As often with women, her wits were sharpened by the very terror of the
glimpsed menace. She shook her head negatively.

"No."

"Sure?"

"Sure," she said.

"Ay! Thought so. Does your gentleman trust you?"

Again she shook her head.

"Blamed 'yporcrit," he said feelingly, and then reflected: "He's one of
the tame ones, ain't he?"

"You had better find out for yourself," she said.

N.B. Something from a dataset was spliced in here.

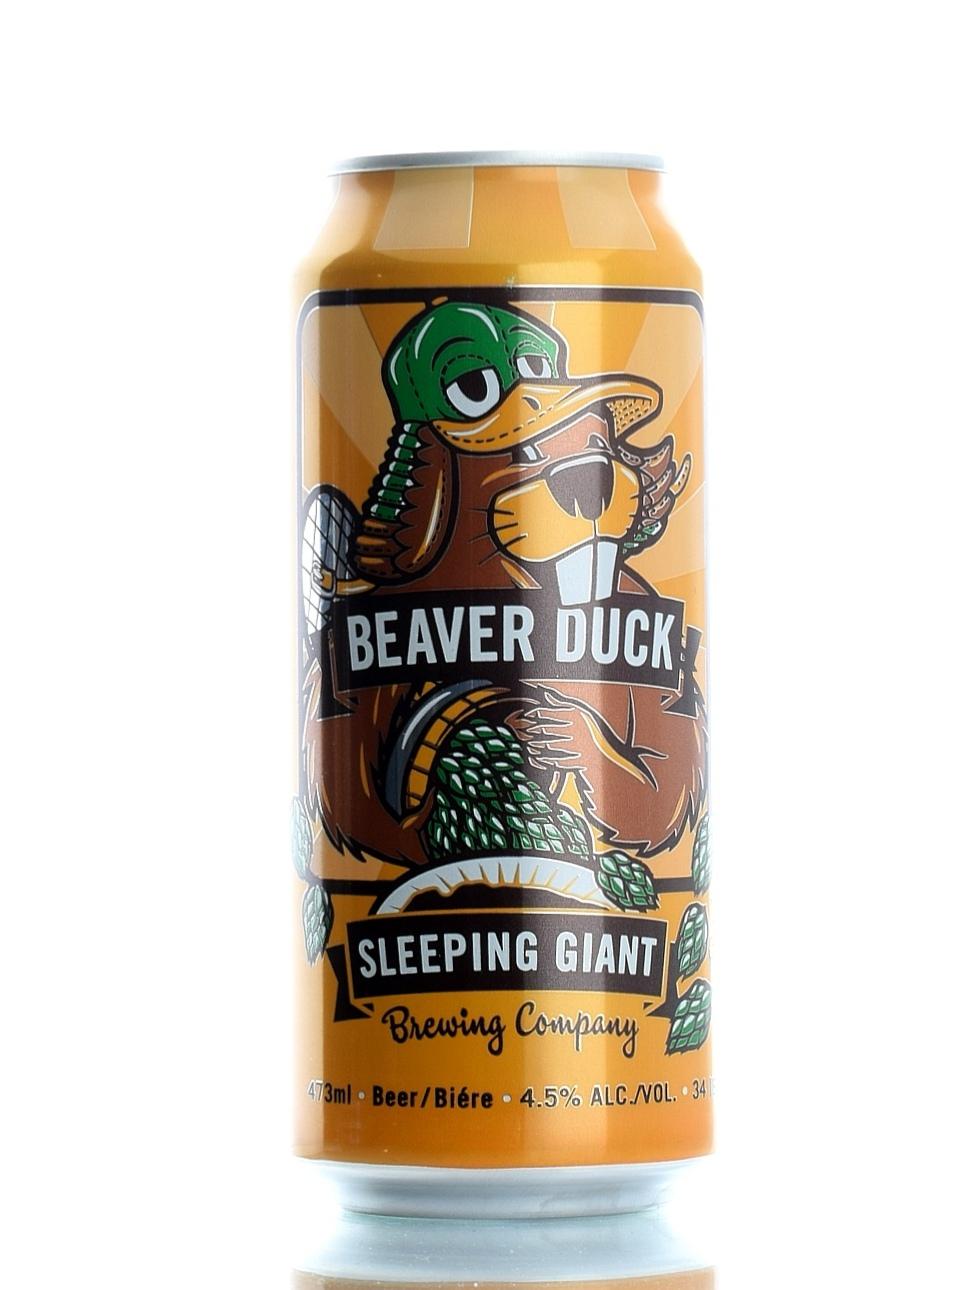 Sleeping Giant Brewing Company

"You trust me. I don't want to die before you and I have made friends."
This was said with a strange air of feline gallantry. Then, tentatively:
"But he could be brought to trust you, couldn't he?"

"Trust me?" she said, in a tone which bordered on despair, but which he
mistook for derision.

"Stand in with us," he urged. "Give the chuck to all this blamed
'yporcrisy. Perhaps, without being trusted, you have managed to find out
something already, eh?"

"Perhaps I have," she uttered with lips that seemed to her to be
freezing fast.

Ricardo now looked at her calm face with something like respect. He was
even a little awed by her stillness, by her economy of words. Womanlike,
she felt the effect she had produced, the effect of knowing much and of
keeping all her knowledge in reserve. So far, somehow, this had come,
about of itself. Thus encouraged, directed in the way of duplicity, the
refuge of the weak, she made a heroically conscious effort and forced
her stiff, cold lips into a smile.

Duplicity--the refuge of the weak and the cowardly, but of the disarmed,
too! Nothing stood between the enchanted dream of her existence and
a cruel catastrophe but her duplicity. It seemed to her that the man
sitting there before her was an unavoidable presence, which had attended
all her life. He was the embodied evil of the world. She was not ashamed
of her duplicity. With a woman's frank courage, as soon as she saw
that opening she threw herself into it without reserve, with only one
doubt--that of her own strength. She was appalled by the situation; but
already all her aroused femininity, understanding that whether Heyst
loved her or not she loved him, and feeling that she had brought this on
his head, faced the danger with a passionate desire to defend her own.